What are the units of chunk size by the way?

-Val

> On Apr 5, 2016, at 3:53 PM, Chris Barker <chris.barker@xxxxxxxx> wrote:
> 
> oh, and I've enclosed my code -- your didn't actually run -- missing imports?
> 
> 
> 
> 
> On Tue, Apr 5, 2016 at 12:52 PM, Chris Barker <chris.barker@xxxxxxxx 
> <mailto:chris.barker@xxxxxxxx>> wrote:
> 
> 
> On Tue, Apr 5, 2016 at 12:13 PM, Ted Mansell <ted.mansell@xxxxxxxx 
> <mailto:ted.mansell@xxxxxxxx>> wrote:
> You might check the ChunkSizes attribute with 'ncdump -hs'. The newer netcdf 
> sets larger default chunks than it used to. I had this issue with 1-d 
> variables that used an unlimited dimension. Even if the dimension only had a 
> small number, the default chunk made it much bigger.
> 
> I had the same issue -- 1-d variable had a chunksize of 1, which was really, 
> really bad!
> 
> But that doesn't seem to be the issue here -- I ran the same code, and get 
> the same results, and here is the dump:
> 
> netcdf text3 {
> types:
>   ubyte(*) variable_data_t ;
> dimensions:
>     timestamp_dim = UNLIMITED ; // (1 currently)
>     data_dim = UNLIMITED ; // (1 currently)
>     item_len = 100 ;
> variables:
>     double timestamp(timestamp_dim) ;
>         timestamp:_Storage = "chunked" ;
>         timestamp:_ChunkSizes = 524288 ;
>     variable_data_t data(data_dim) ;
>         data:_Storage = "chunked" ;
>         data:_ChunkSizes = 4194304 ;
>         data:_NoFill = "true" ;
> 
> // global attributes:
>         :_Format = "netCDF-4" ;
> }
> 
> if I read that right, nice big chunks.
> 
> note that if I do'nt use a VLType variable, I still get a 4MB file -- though 
> that could be the netcdf4 overhead:
> 
> netcdf text3 {
> types:
>   ubyte(*) variable_data_t ;
> dimensions:
>     timestamp_dim = UNLIMITED ; // (1 currently)

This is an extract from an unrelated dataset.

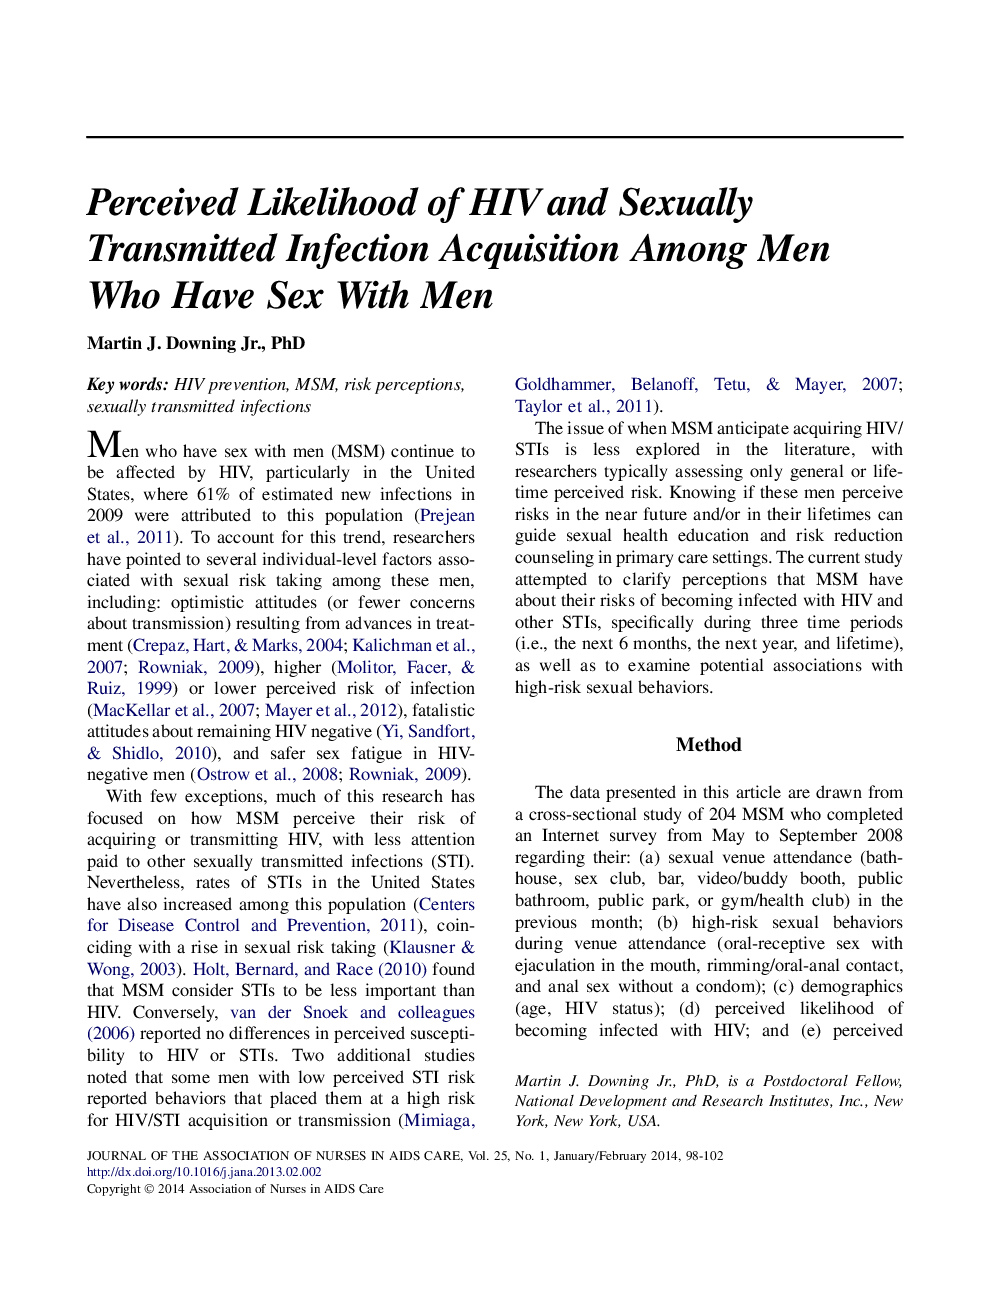 احتمال ابتلا به اچ آی وی و ابتلا به عفونت های منتقله از راه جنسی در میان مردان دارای رابطه جنسی با مردان

>     data_dim = UNLIMITED ; // (1 currently)
>     item_len = 100 ;
> variables:
>     double timestamp(timestamp_dim) ;
>         timestamp:_Storage = "chunked" ;
>         timestamp:_ChunkSizes = 524288 ;
>     ubyte data(data_dim, item_len) ;
>         data:_Storage = "chunked" ;
>         data:_ChunkSizes = 1, 100 ;
> 
> // global attributes:
>         :_Format = "netCDF-4" ;
> }
> 
> something is up with the VLen.....
> 
> -CHB
> 
> 
> 
>  
> (Assuming the variable is not compressed.)
> 
> -- Ted
> 
> __________________________________________________________
> | Edward Mansell <ted.mansell@xxxxxxxx <mailto:ted.mansell@xxxxxxxx>>
> | National Severe Storms Laboratory
> |--------------------------------------------------------------
> | "The contents of this message are mine personally and
> | do not reflect any position of the U.S. Government or NOAA."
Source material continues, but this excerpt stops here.